▶ [Raw data]:
··········
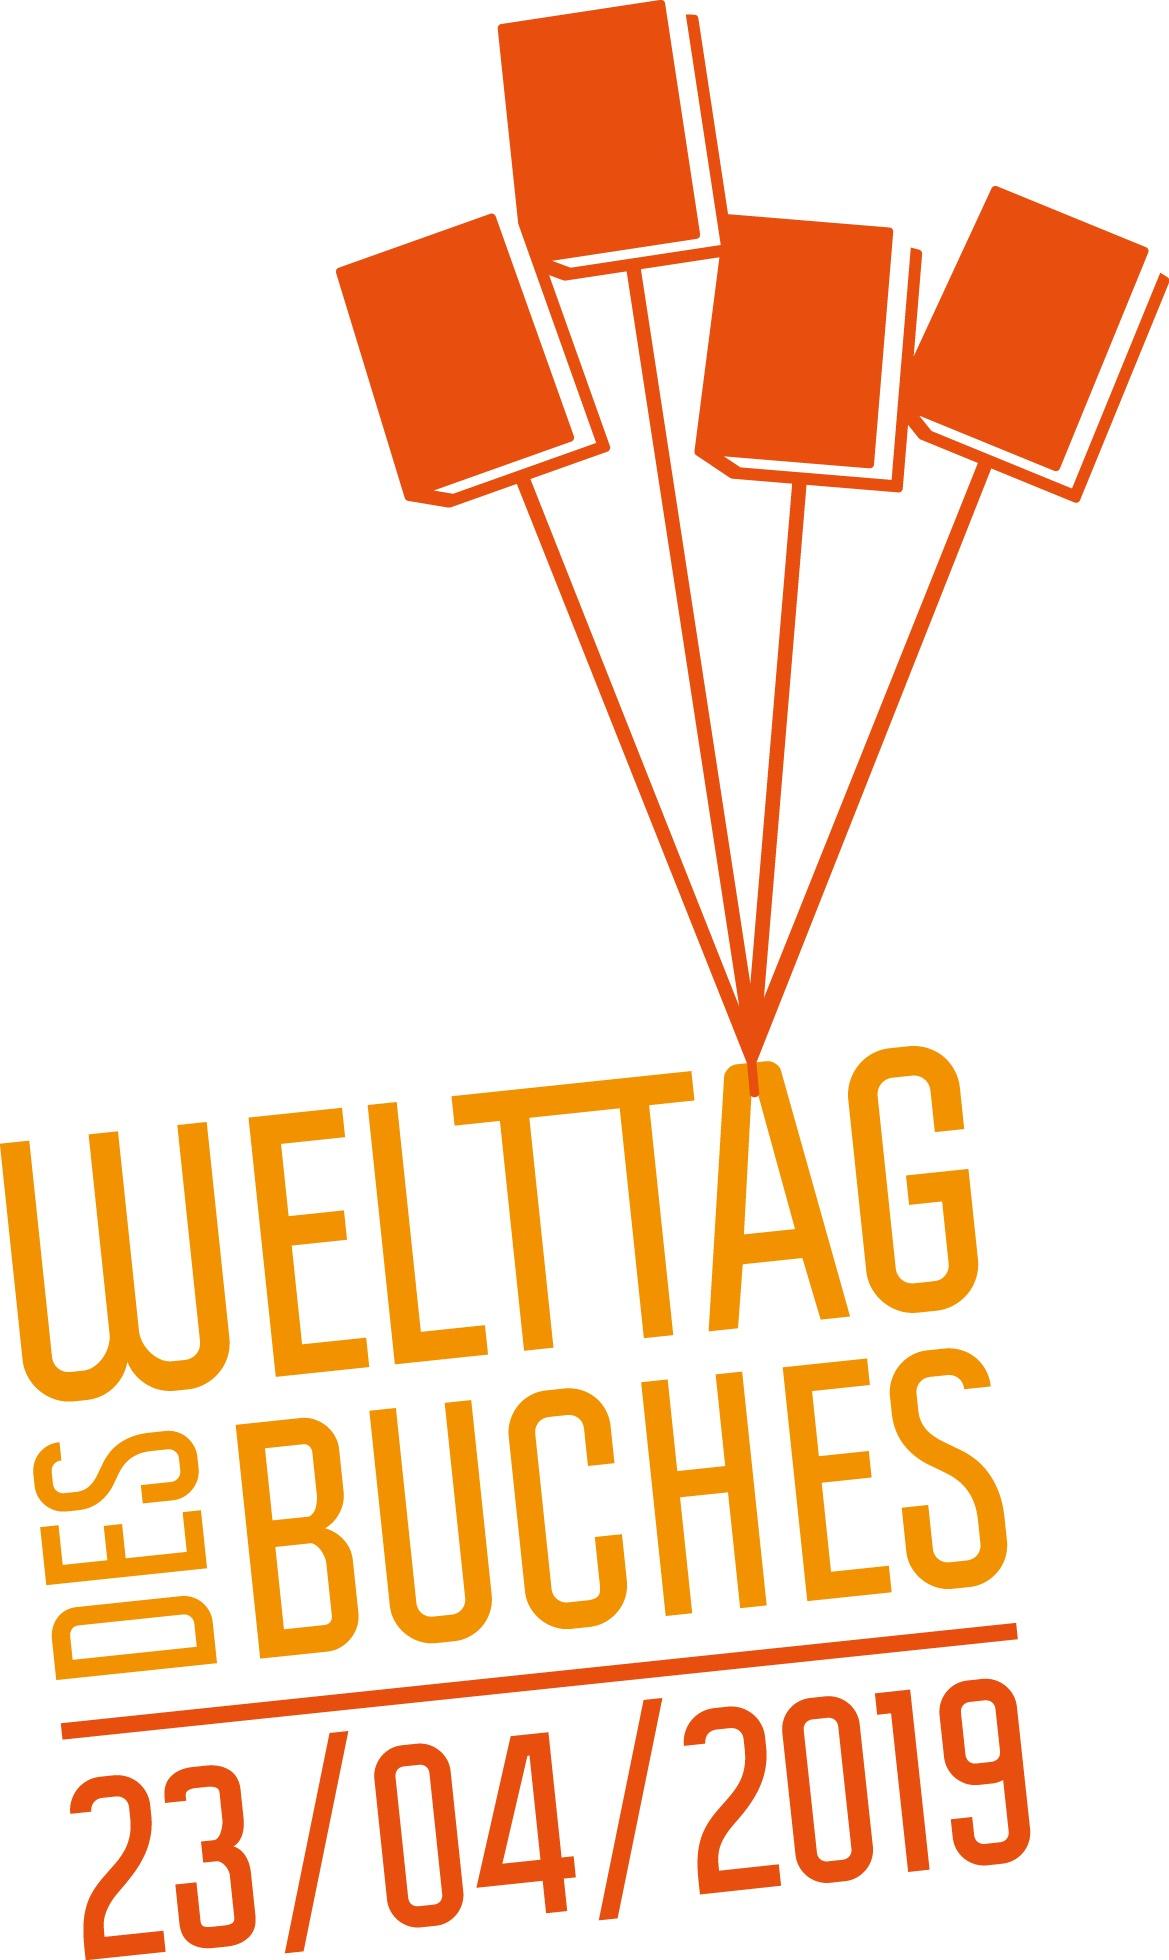 Der UNESCO-Welttag des Buches im Instituto Cervantes Frankfurt
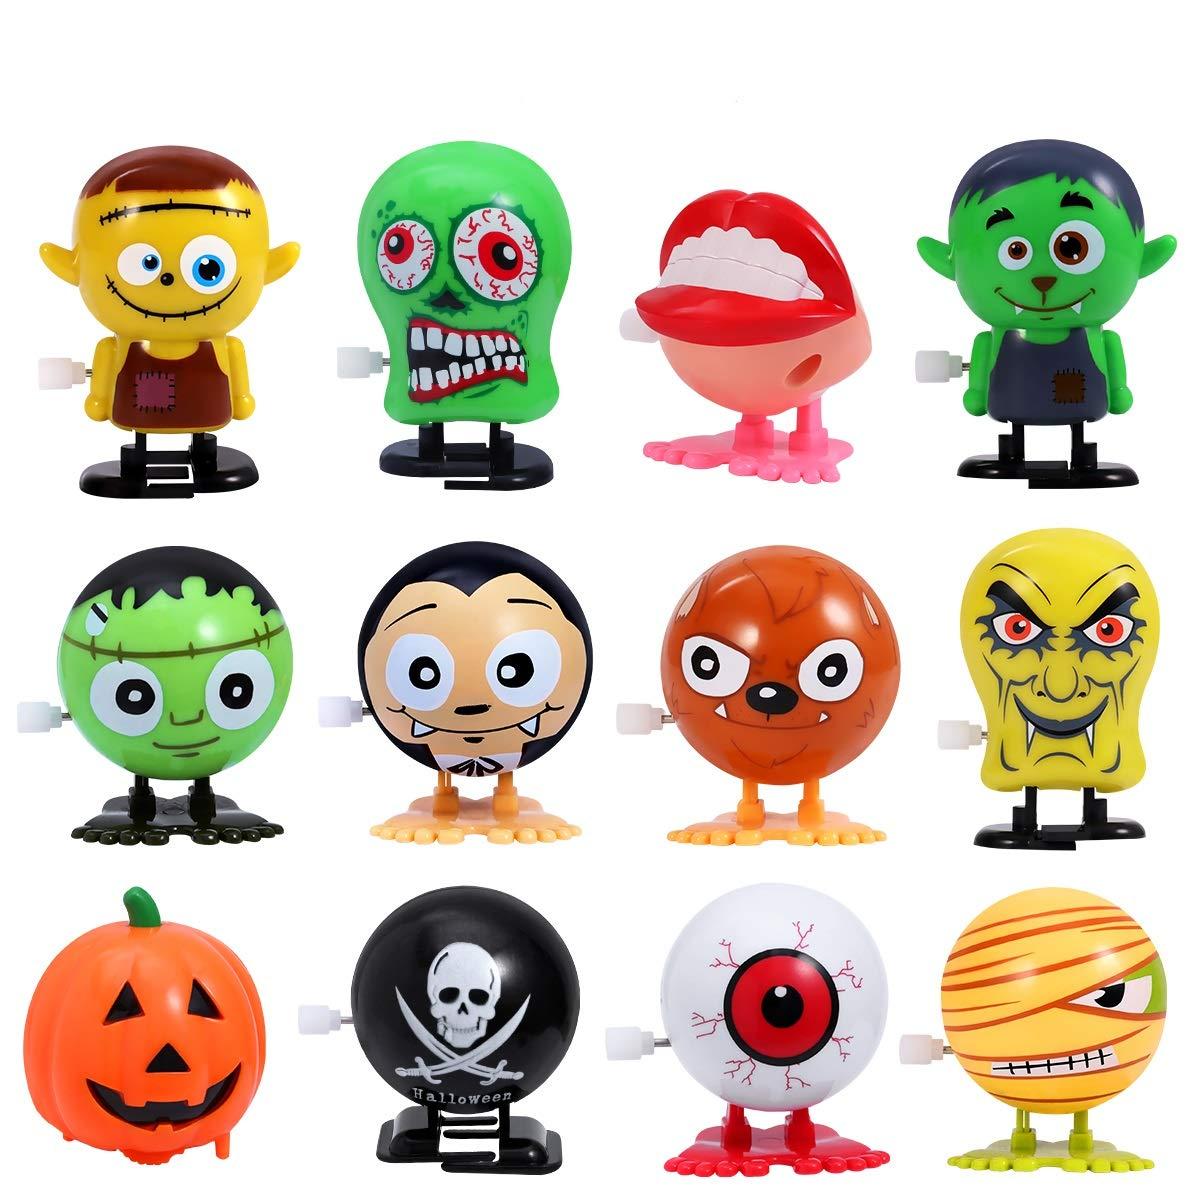 PRETYZOOM 12 Piezas de Juguetes de Relojería de Halloween para La Fiesta Favorece Mini Juguetes Surtidos Suministros de La Fiesta de Halloween para Niños y Adultos
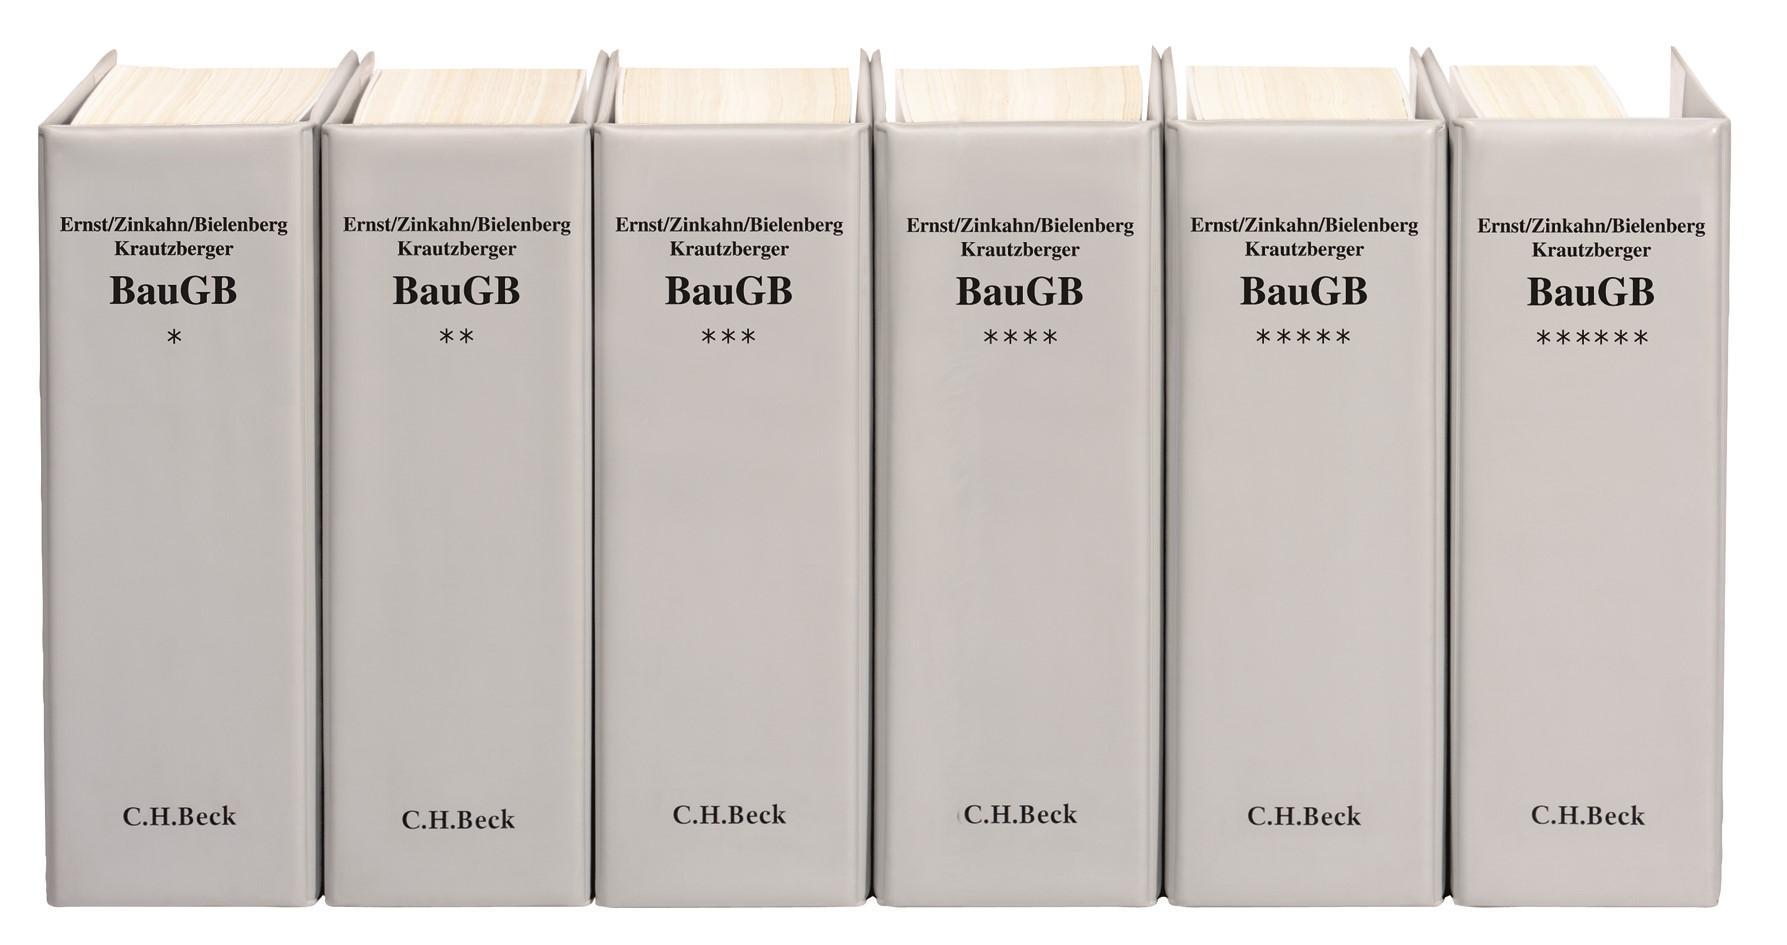 Baugesetzbuch | Ernst / Zinkahn / Bielenberg / Krautzberger | 125. Auflage (Cover)
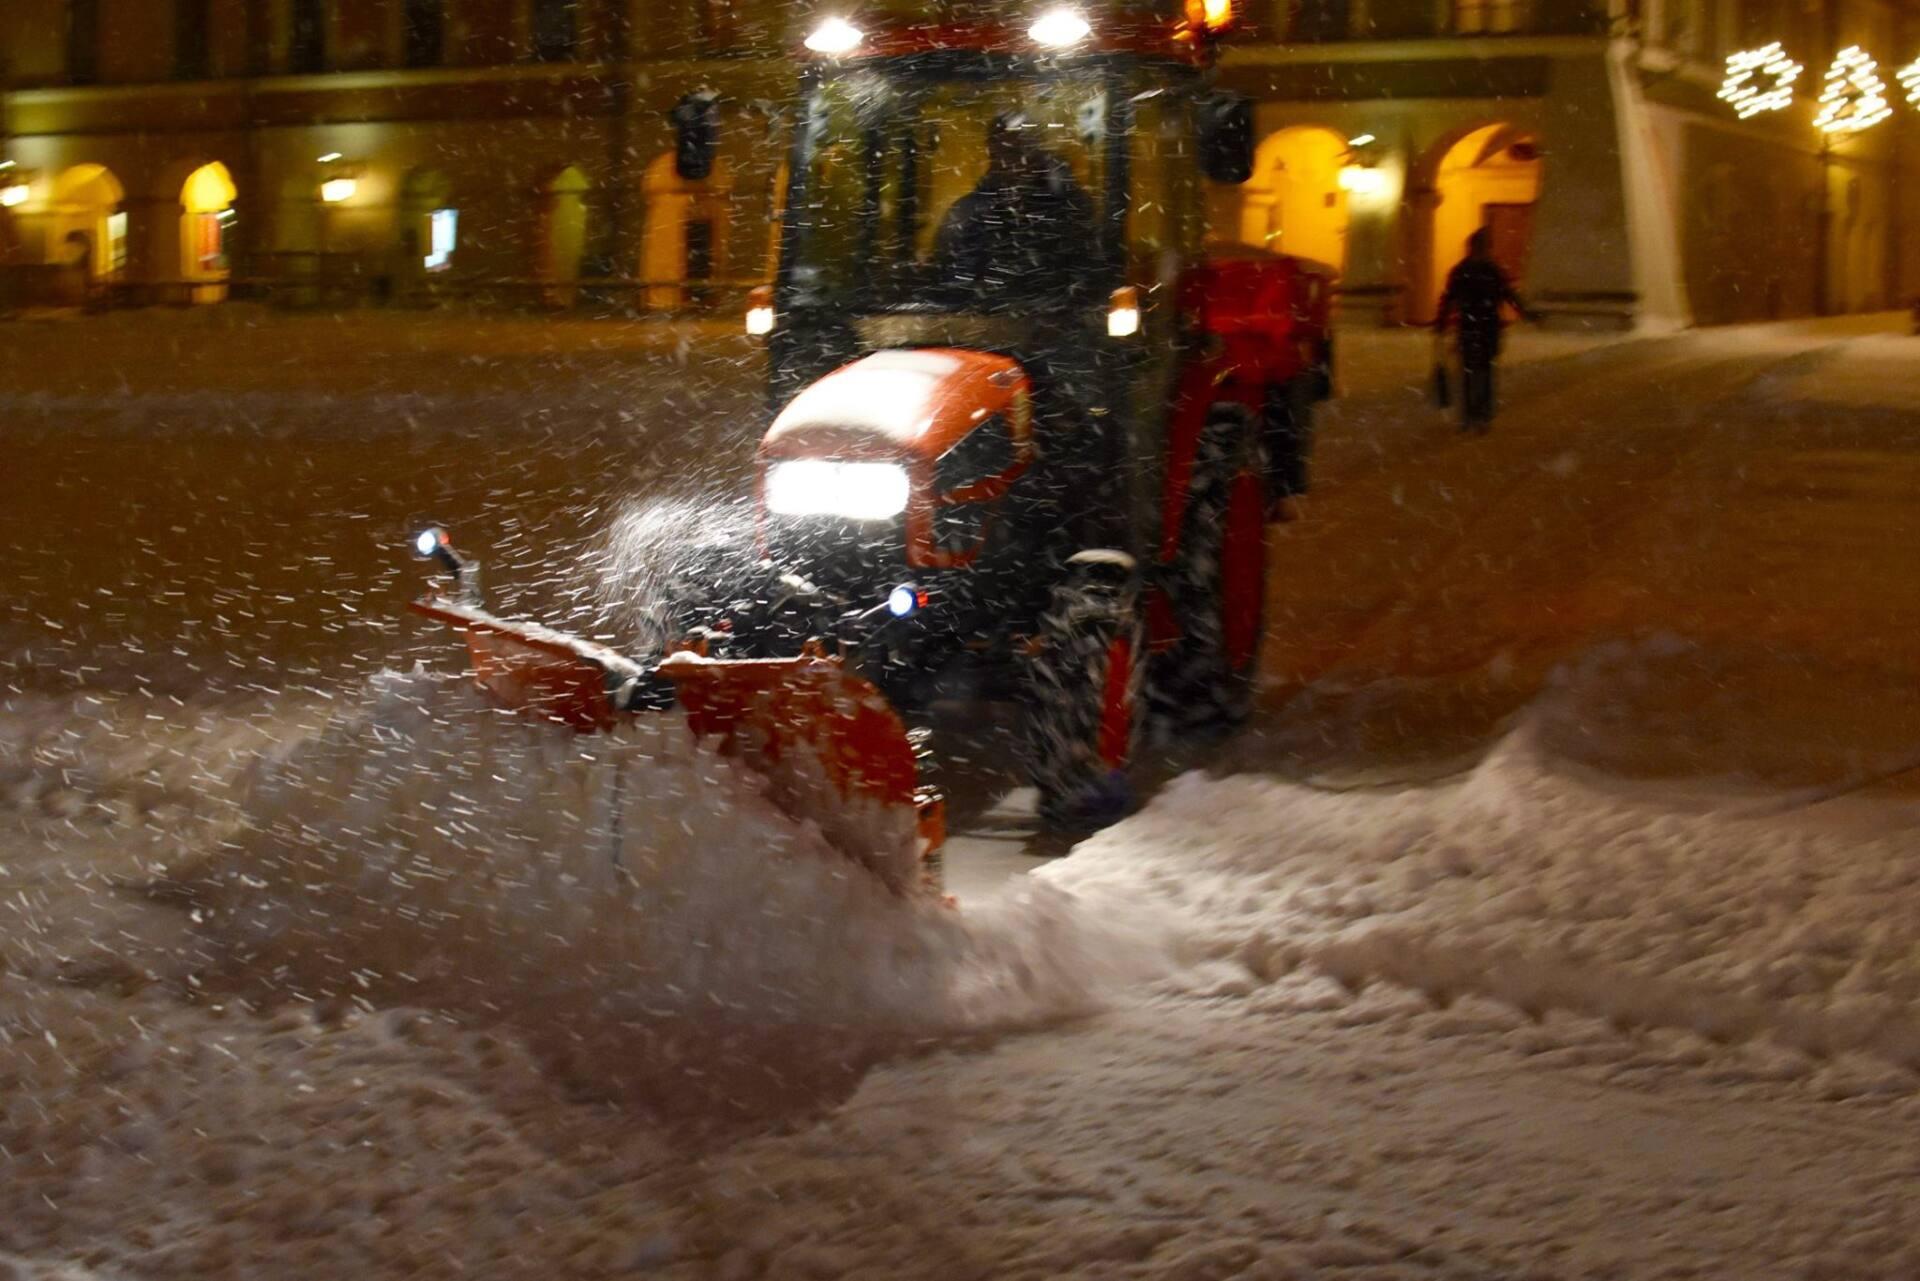 12525485 1685563171713813 3442180820167288551 o Zamość: Wiadomo już, kto zajmie się zimowym utrzymaniem dróg w mieście
··········
Write out an exact copy of the lines beginning at the line that contains "Baugesetzbuch | Ernst" and ending at the last line of the listing. Exclude pictures.

 Baugesetzbuch | Ernst / Zinkahn / Bielenberg / Krautzberger | 125. Auflage (Cover)
 12525485 1685563171713813 3442180820167288551 o Zamość: Wiadomo już, kto zajmie się zimowym utrzymaniem dróg w mieście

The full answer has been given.